Por trás de Jane, as estantes cheias de livros com lombadas antigas, fotografias de outras eras, de uma mulher recostada numa cadeira de lona, com a vegetação típica de África ao fundo; de uma Jane adolescente com “Rusty”, o cão e companheiro. Foi ali que passou a infância, descobriu a felicidade de uma guerra terminada, ouviu os pássaros que já lhe não cantam à janela. Uma casa habitada, não um espaço concebido para ser visto por estranhos. E, apesar da distância digital, quase cheirava às rosas patológicas que florescem no inverno.

A conversa foi sobre o passado, sobre os amigos chimpanzés, para quem Jane Goodall conquistou um estatuto nunca antes reconhecido: o de utilizadores de artefactos. Uma pedrada no charco da tradição que remetia os animais para a escuridão da subalternidade. Jovem, loira e bonita, foi desacreditada e só conquistou credibilidade quando a “National Geographic” a enviou novamente para a Tanzânia, para o amado refúgio de Gombe, acompanhada por um fotógrafo que viria a se tornar o seu primeiro marido, e as imagens falaram por ela. A partir dali foi se tornando um mito, entrou para a universidade de Cambridge sem ter uma licenciatura, deu a volta ao mundo para falar dos animais e escreveu dezenas de livros. No último, “O Livro da Esperança”, lançado este mês em Portugal, defende a delicadeza como arma para convencer os mais reticentes em abraçar a causa ambiental. Na conversa com o Expresso fala ainda de “Roots & Shoots”, projeto que lançou em dezenas de países, inclusive Portugal, para educar os jovens.

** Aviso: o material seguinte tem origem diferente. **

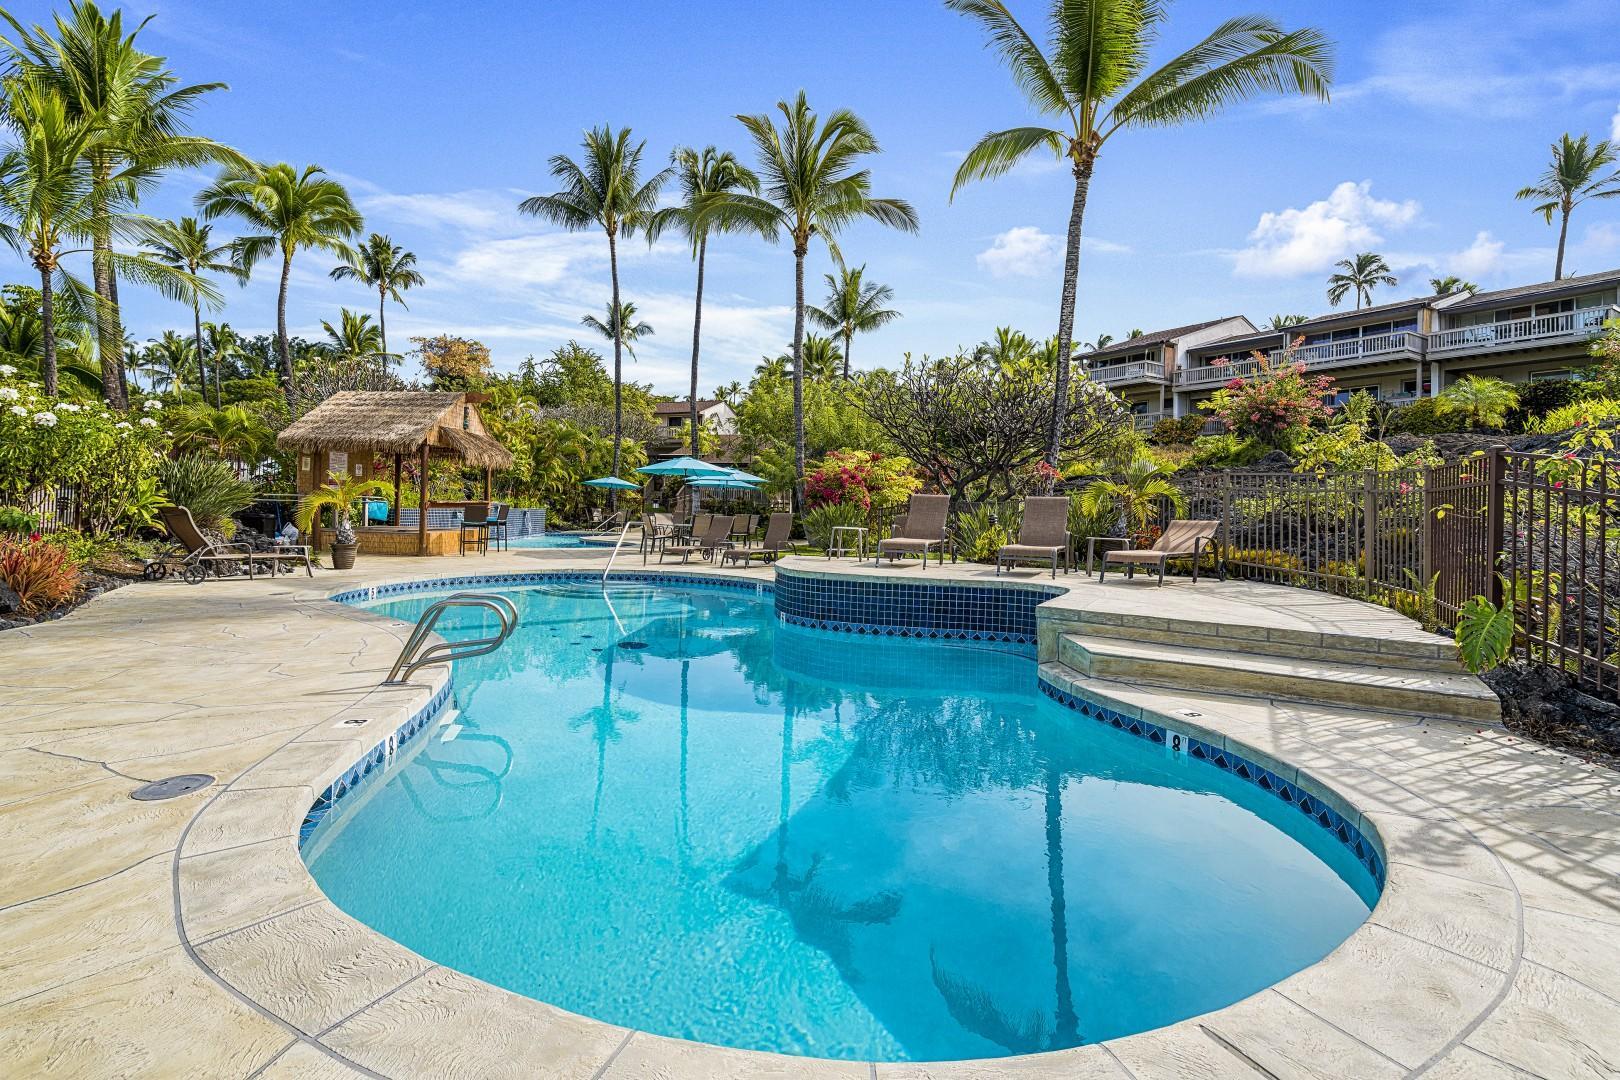 Beautiful pool area at Keauhou Resort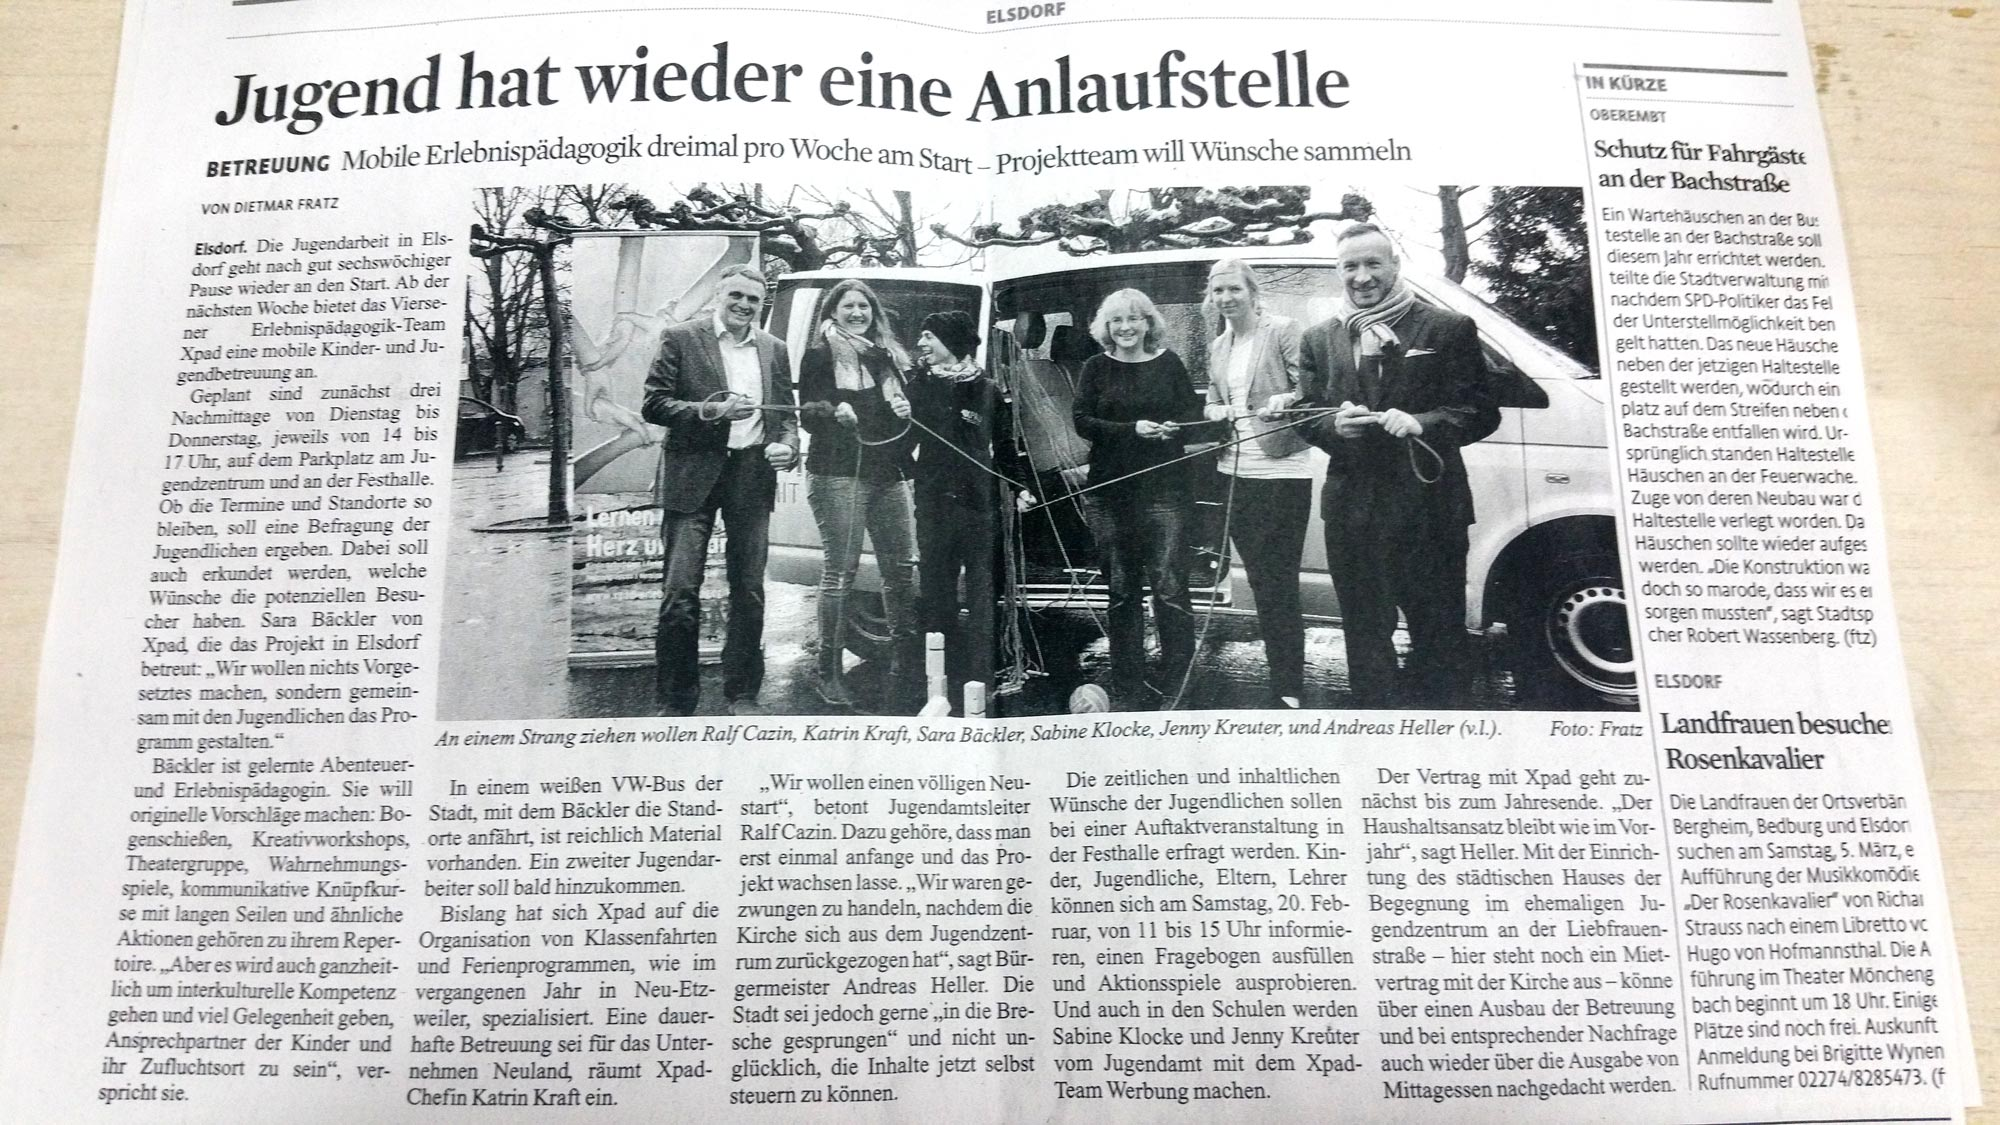 """Am 11. Februar 2016 erschien zum Startschuss der Artikel """"Jugend hat wieder eine Anlaufstelle"""" im Stadtanzeiger Köln."""

Falou ainda do que acredita ser um erro do Papa, dos estragos causados por Bolsonaro, da zanga que Greta carrega no coração. E falou de “Leo”, o amigo Leonardo Di Caprio, que lhe pediu para ver o seu último filme. A mulher que viajava 300 dias por ano até ser travada por um vírus está de volta ao ponto de origem e diz que não quer ter na amada Gombe a sua última morada. Porque o mundo mudou, mesmo que ela seja a mesma.

Porque está preocupada em falar de esperança? Não deveria fazer alertas sobre a gravidade da situação?

Obviamente que temos de falar sobre os problemas, é muito importante, mas se apenas falarmos sobre o que está errado, as pessoas vão pensar que não há nada que possam fazer. E se você não tem alguma esperança, então porque se vai importar com o que quer que seja? Se não é para ajudar a resolver os problemas, porque se vai incomodar? Se não tiverem esperança, as pessoas não se sentem inspiradas a tomarem uma atitude de mudança. Mas é preciso saber como se define esperança. Para mim, é como se estivéssemos num túnel muito, muito escuro e, no fim, víssemos uma pequena estrela luminosa. Esta luz é a esperança. Mas não podemos ficar sentados no fundo do túnel, à espera que a luz venha ter connosco. Não, temos de endireitar os ombros e ir à luta. Dar a volta a todos os obstáculos, passar por cima de pedras, sejam a destruição do ambiente e da biodiversidade ou a existência de governos corruptos. Temos de lutar e lutar juntos.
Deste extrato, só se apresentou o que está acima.